Maris Valainis (Latvian: Māris Valainis) (born on February 18, 1963) is an American construction consultant and a former actor, best known for his role in the 1986 film Hoosiers. He portrayed Jimmy Chitwood, a basketball player who makes a last-second shot to win a state high school championship.

Valainis, a native of Indiana, was invited to an open casting call for Hoosiers after being spotted by the film's casting director playing basketball at an open-gym night. Growing impatient waiting in line with hundreds of other hopefuls, Valainis decided to leave. But then the casting director saw him and asked him to come in and audition. Although Valainis had been cut each of the three times he tried out for his high school basketball team, he impressed the filmmakers enough that he was invited back the next day to read lines. After several rounds of callbacks, he landed the part of star player Jimmy Chitwood. Of the eight actors cast as team members, Valainis was one of only two who had never played high school basketball.

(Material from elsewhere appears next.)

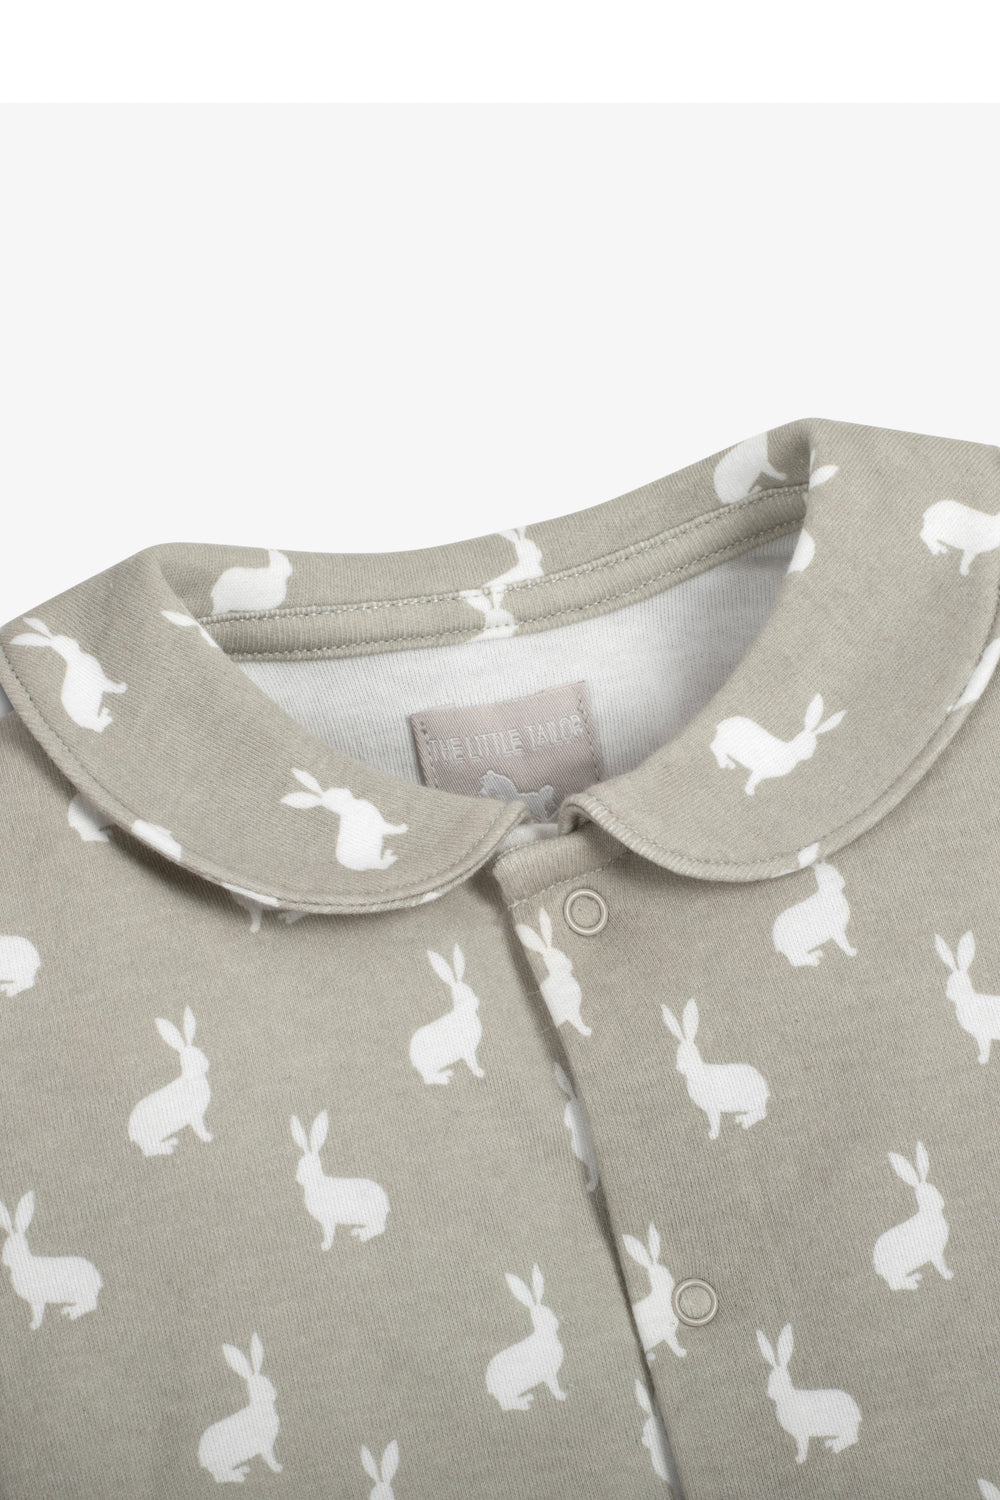 Jersey Shorty Romper - fawn hare print
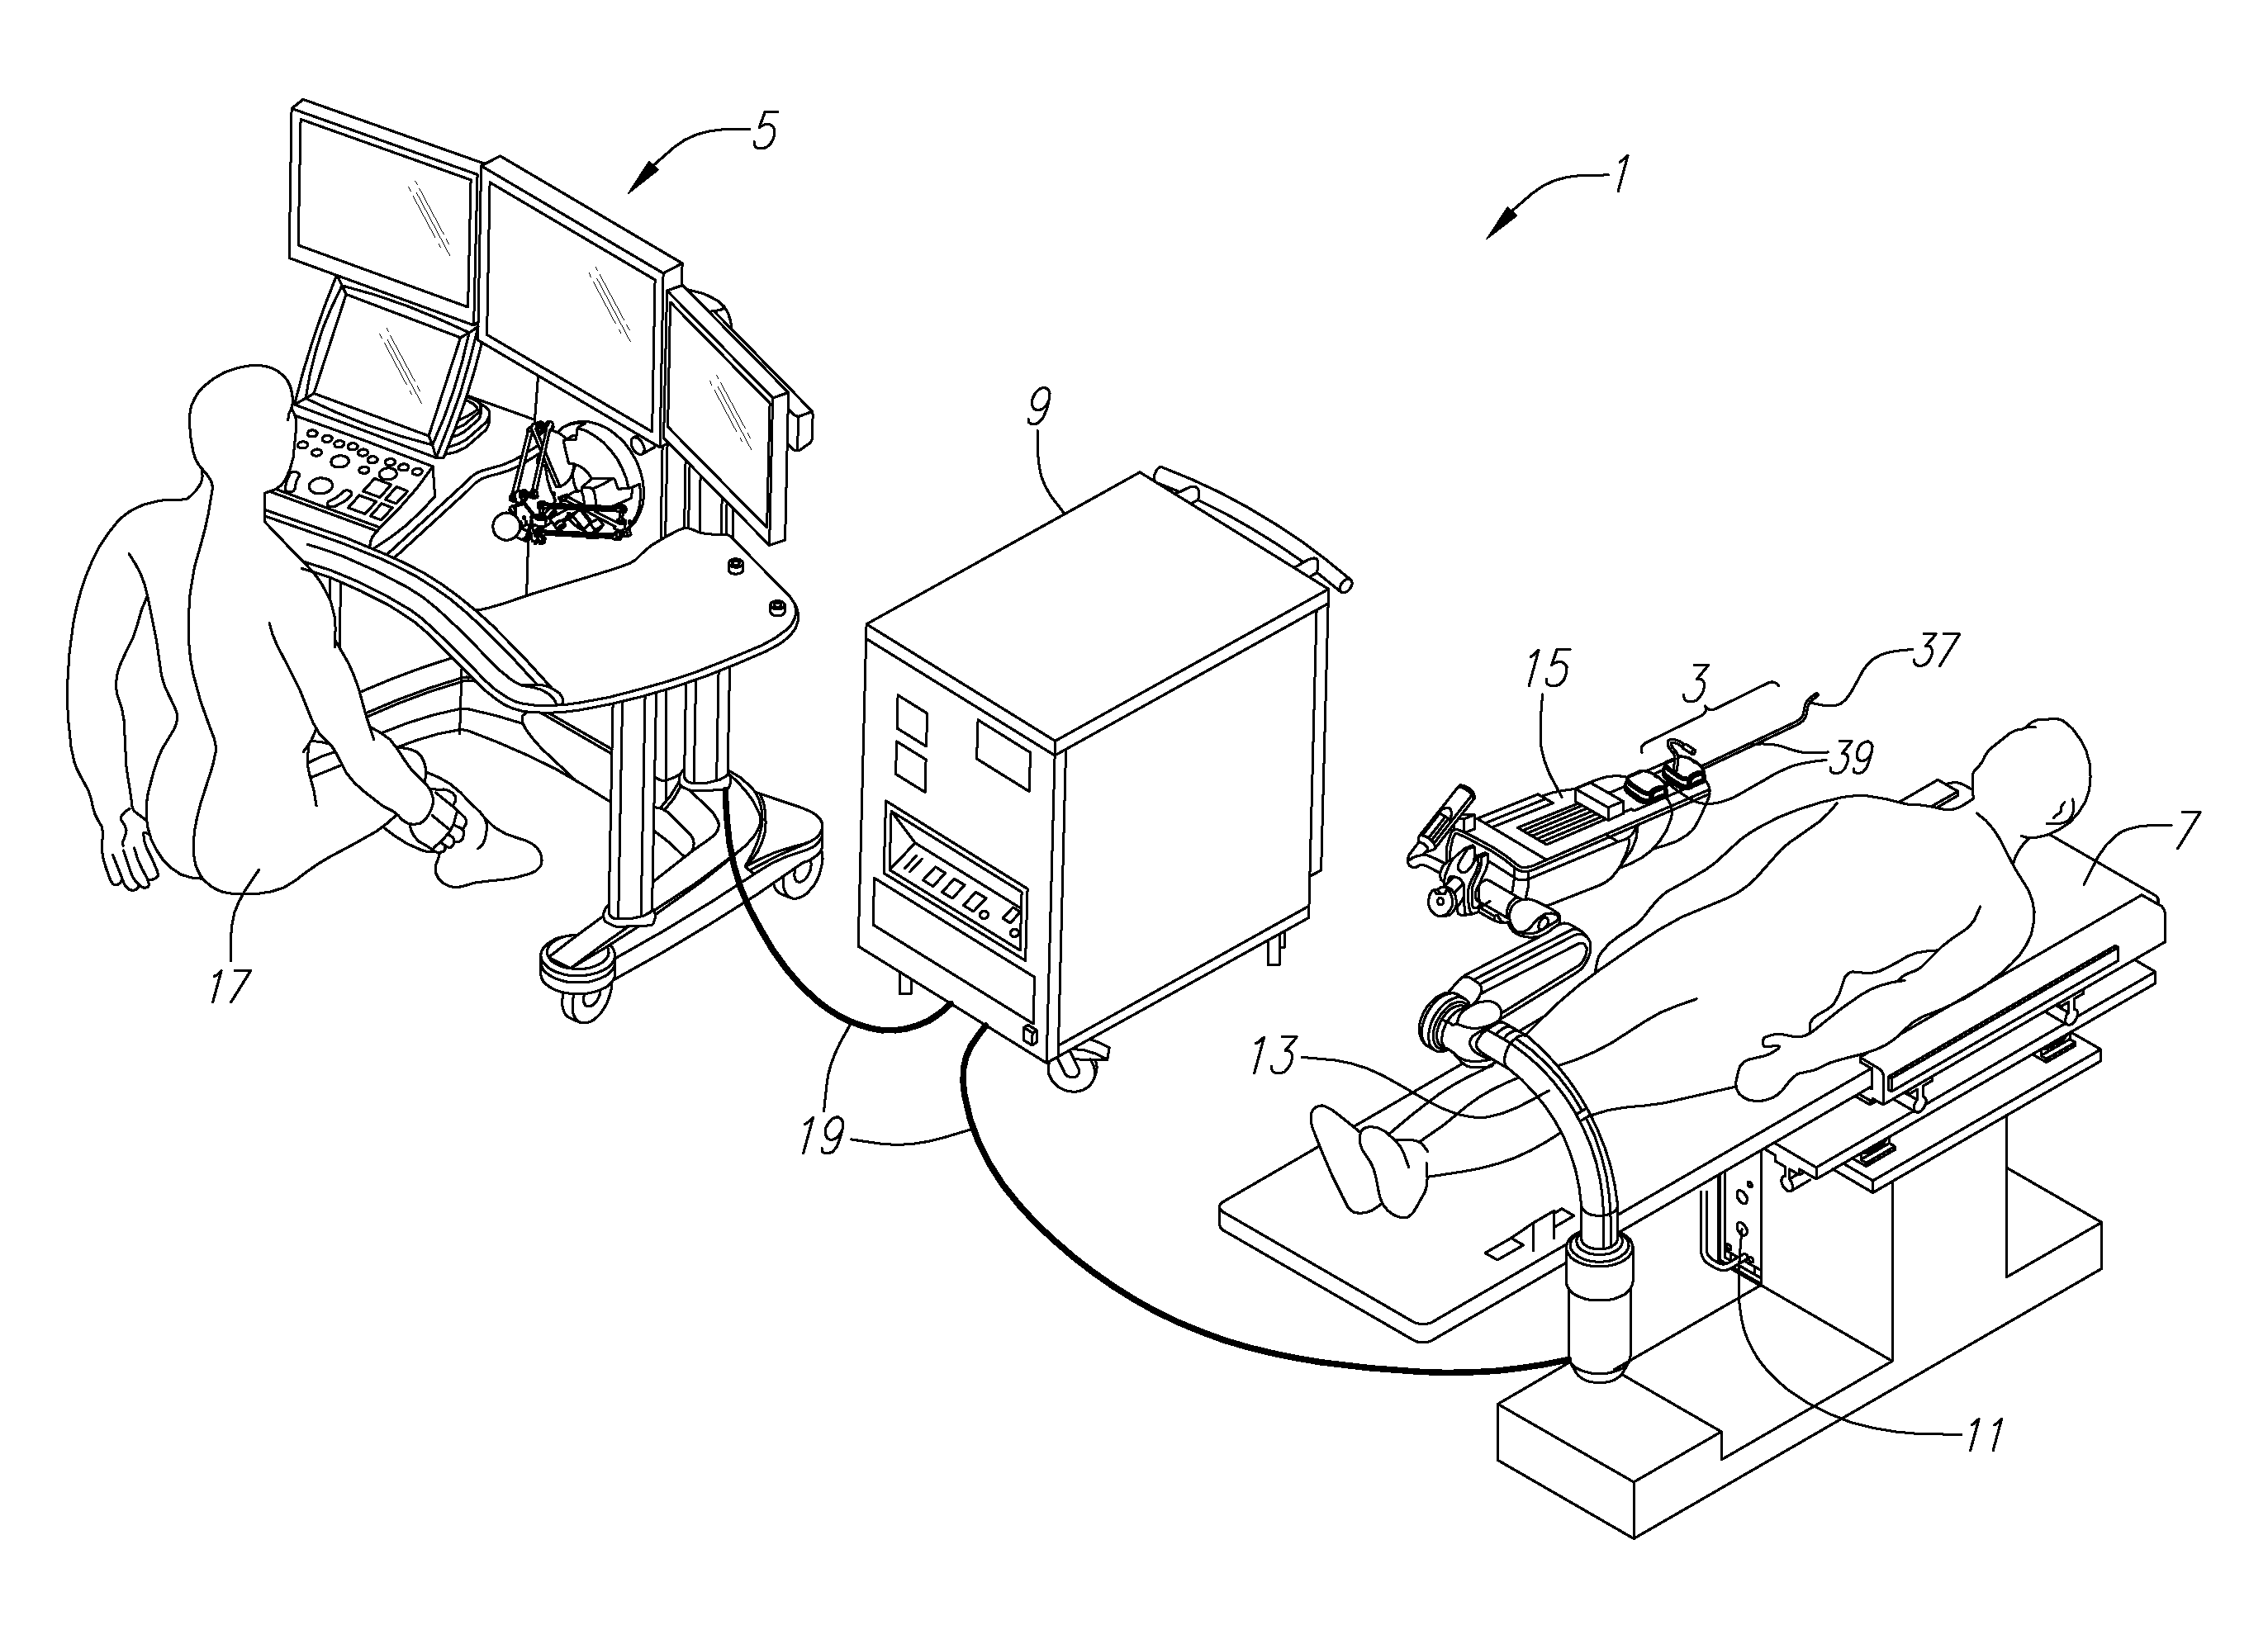 Interface assembly for controlling orientation of robotically controlled medical instrument

The scene in Hoosiers with Chitwood and Coach Dale talking while Chitwood is shooting baskets at an outdoor basket was filmed in one take. Valainis said that he "wasn't even listening to (Gene Hackman). I was just concentrating on making (the shots), and I made one, and they kept going in." In the scene where Chitwood makes the final shot of the state championship game, Valainis was told that whether he made the shot or not, the fans would rush the floor because of the need for a wide shot of the court. He made it on the first take, and later sank the same shot in a second take.

After shooting Hoosiers, Valainis moved to California to pursue a career in acting. However, he later reflected that after getting the role in Hoosiers so easily, he believes he took acting for granted. He landed a few small roles, one of them being Scott Thorson in the TV biopic Liberace (1988), before turning his attention to golf. Valainis had been an all-state golfer at Bishop Chatard High School in Indianapolis, Indiana, as well as a member of the golf team at Purdue University. After giving up on acting, he began a career in golf course management, including working as a caddie for professional golfers.

As of 2010, Valainis was working as a construction consultant. He was married, with two daughters, and living in Costa Mesa, California. He noted that when in public, he was still frequently recognized for his role in Hoosiers. As of 2017, Valainis was working as a scheduler for a construction firm based in Indianapolis.